Notes et références[modifier | modifier le code]

  1. a b c d e f et g De la fallacieuse prospérité : « Makr Allah » et « Istidrâj », par Robert Brunschvig. Studia Islamica Paris, vol. 58, p. 5-31. Éd. Maisonneuve et Larose, 1983. (ISSN 0585-5292). Document disponible dans Refdoc.fr par le CNRS. Ce travail examine ces concepts chez les mystiques : al-Muhasibi (Iraq, mort en 857), al-Tustari (soufi, mort en 896), Ibn al-Arabi (mort en 1240)… ; chez les mutazilites : le cadi Abdaljabbar (mort en 1204) ; chez des moralistes du XVIe et XVIIe siècles.

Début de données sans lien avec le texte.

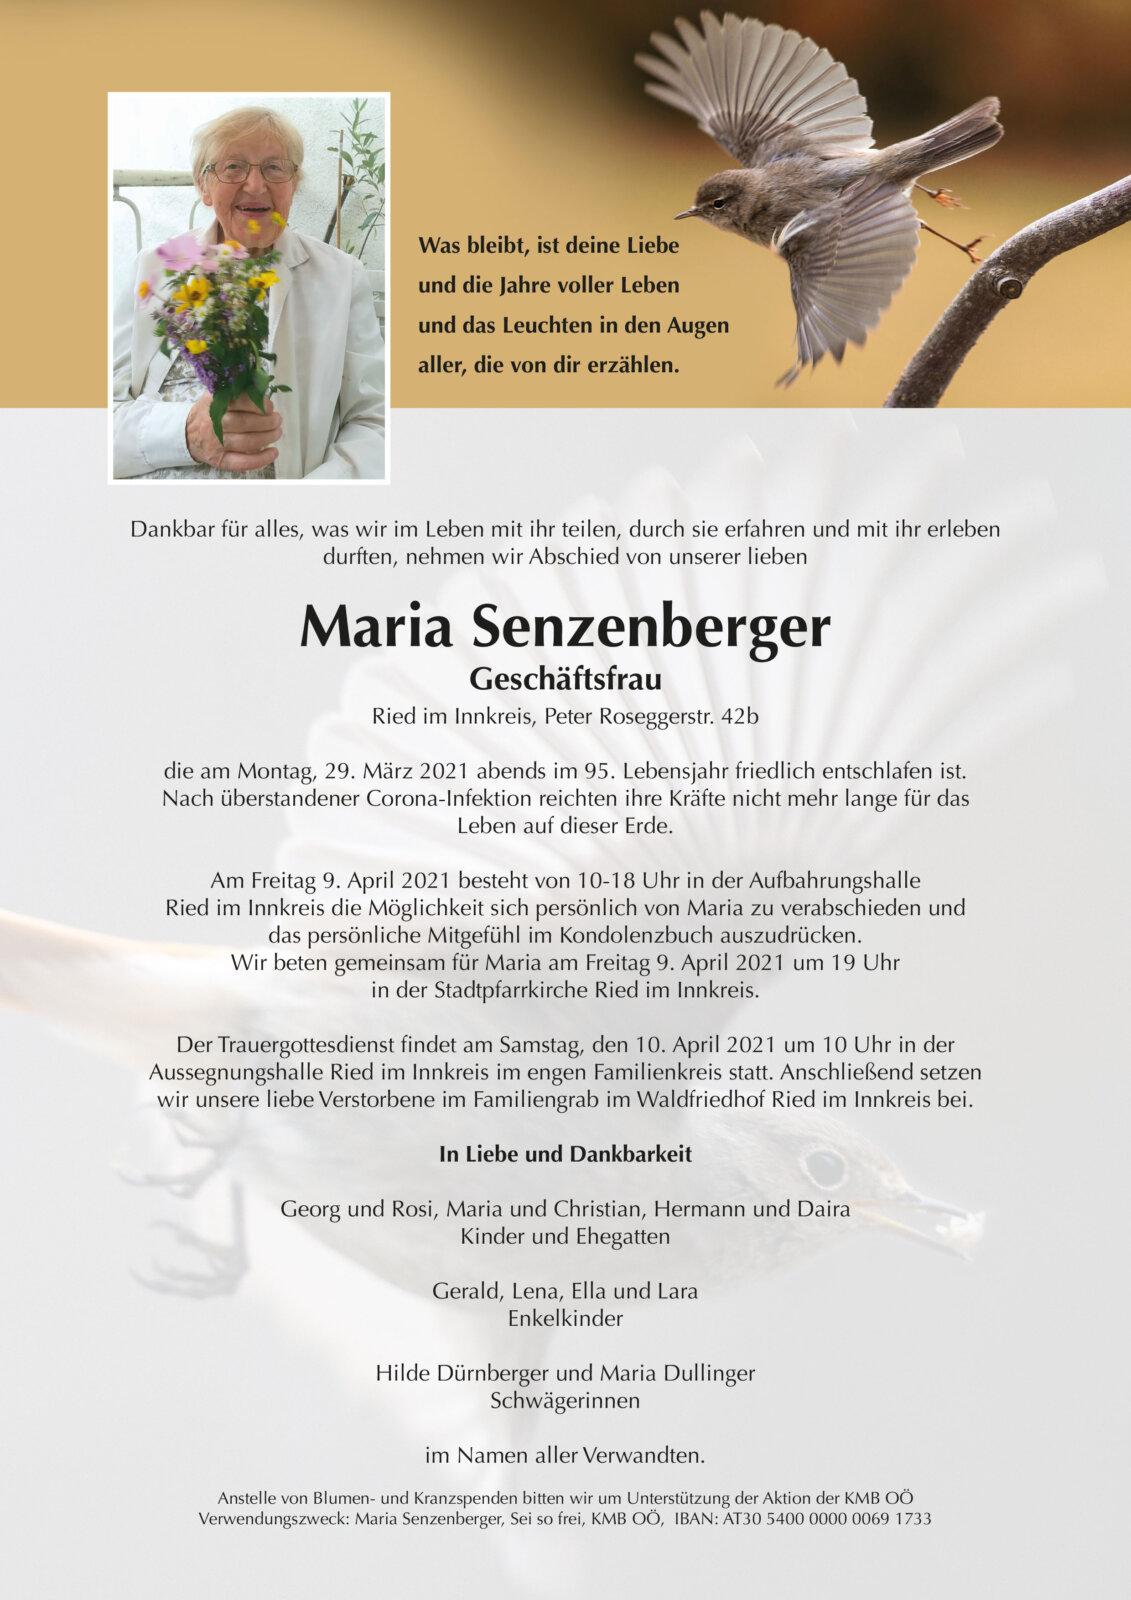 senzenberger-maria-parte-fuer-homepage

  2. "craft", "plot" or "stratagem"
  3. a b et c (en) Ignác Goldziher, Introduction to Islamic Theology and Law, Princeton (N.J.), Princeton University Press, , 302 p. (ISBN 0-691-10099-3, lire en ligne)
  4. Goldziher, Le dogme et la loi de l'Islam, Paris 1920, p. 22-23.
  5. Corinne Fortier, « Soumission, pragmatisme et légalisme en islam », Topique, vol. no 85, no 4,‎ , p. 149–169 (ISSN 0040-9375, lire en ligne, consulté le )
  6. Sourate X, 21.
  7. Ignaz Goldziher et Louis Massignon, Le Dogme et la Loi dans l’Islam : Histoire du développement dogmatique et juridique de la religion musulmane (lire en ligne), p. 254.